• Your task:
Nothing outside the range is to be copied. From the entries below, reproduce exactly the lines starting at the one with "House Plan E1456-10 Lower Floor Plan" and ending at the one with "Auf einem kreuz", without pictures.

• Information provided:
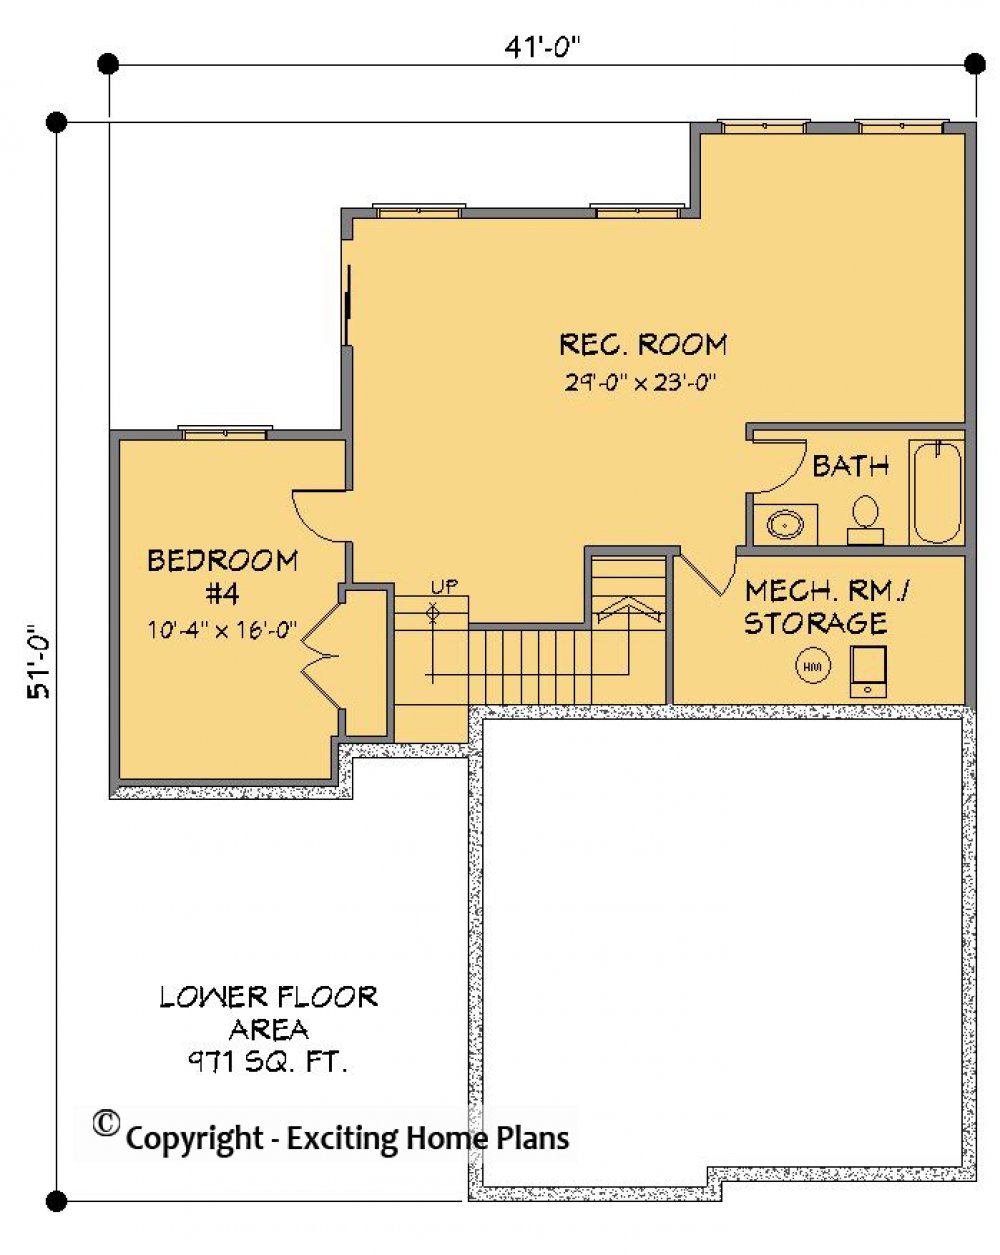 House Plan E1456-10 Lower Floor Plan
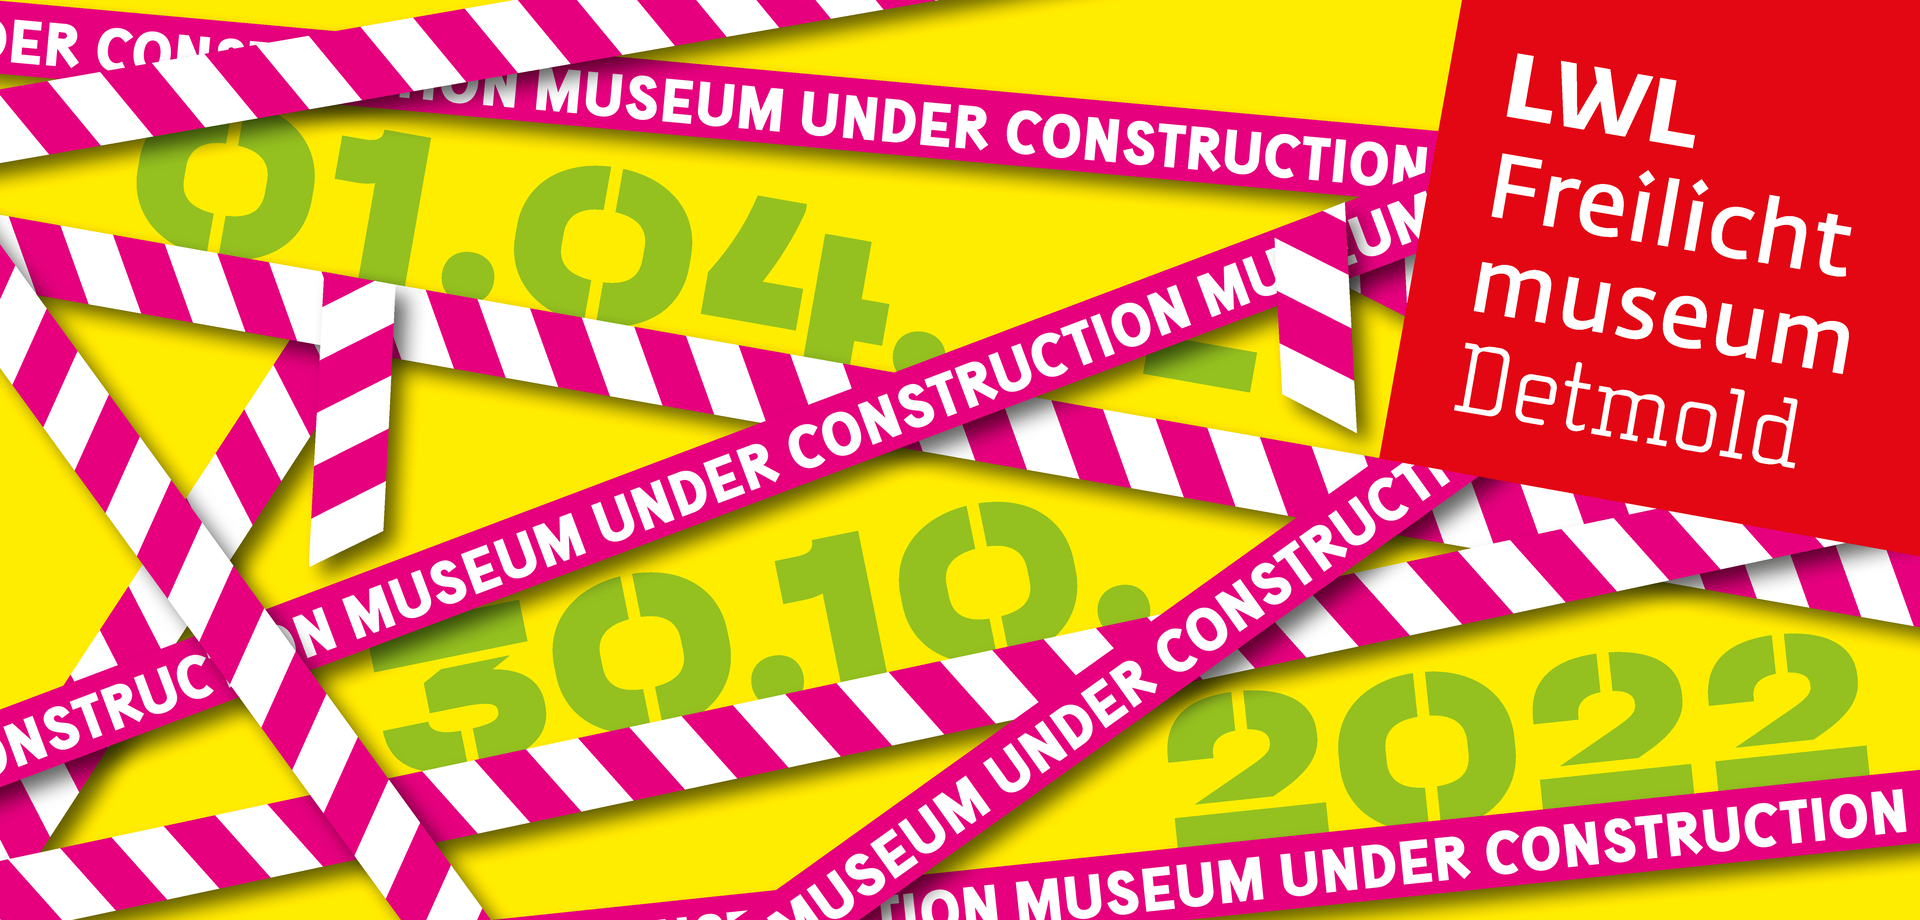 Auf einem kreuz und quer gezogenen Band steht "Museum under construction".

==

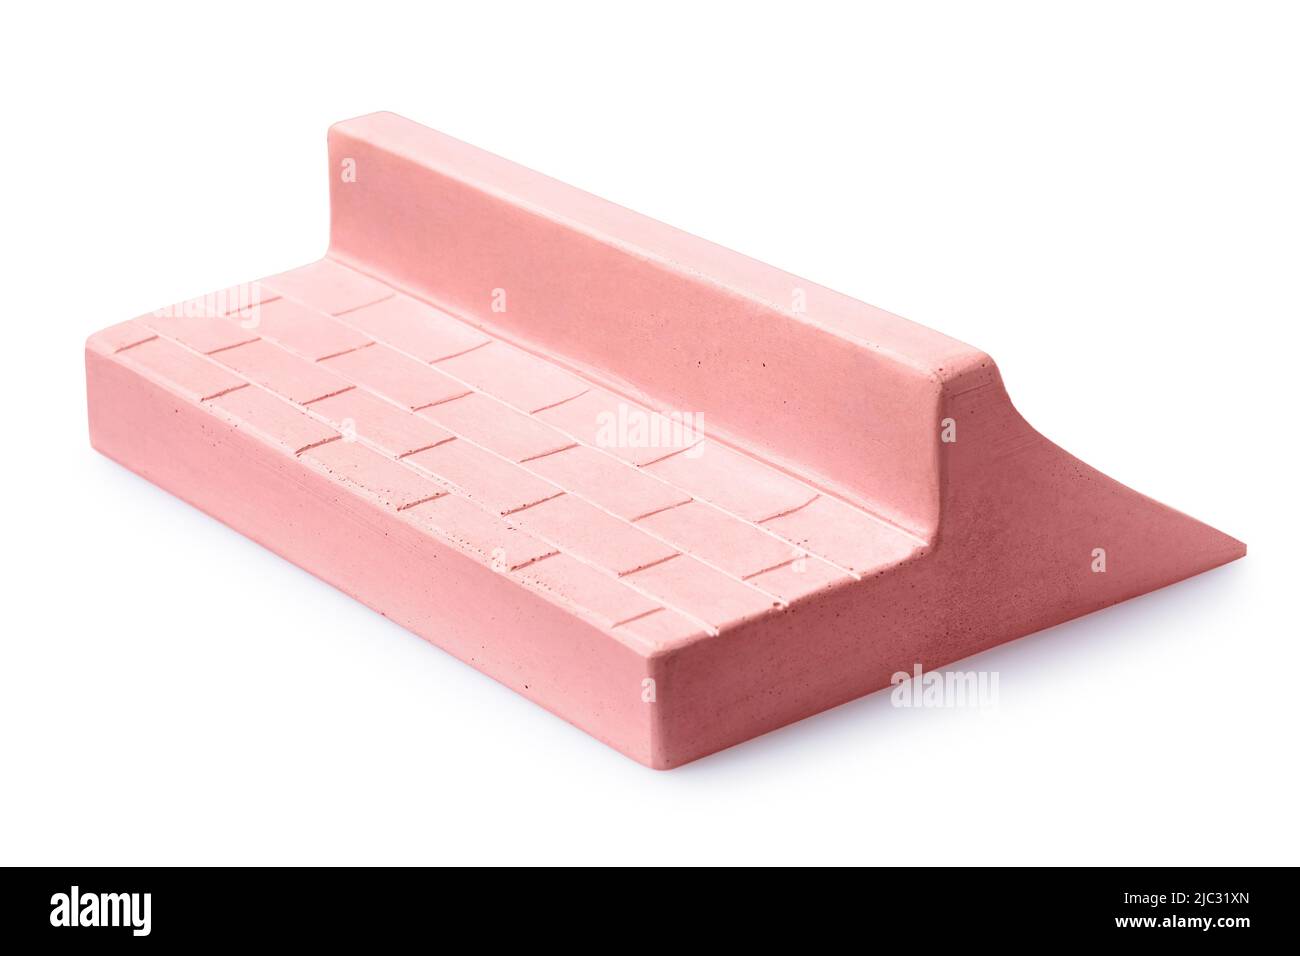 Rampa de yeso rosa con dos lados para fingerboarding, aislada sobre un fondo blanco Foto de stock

• Task result:
 House Plan E1456-10 Lower Floor Plan
 Auf einem kreuz und quer gezogenen Band steht "Museum under construction".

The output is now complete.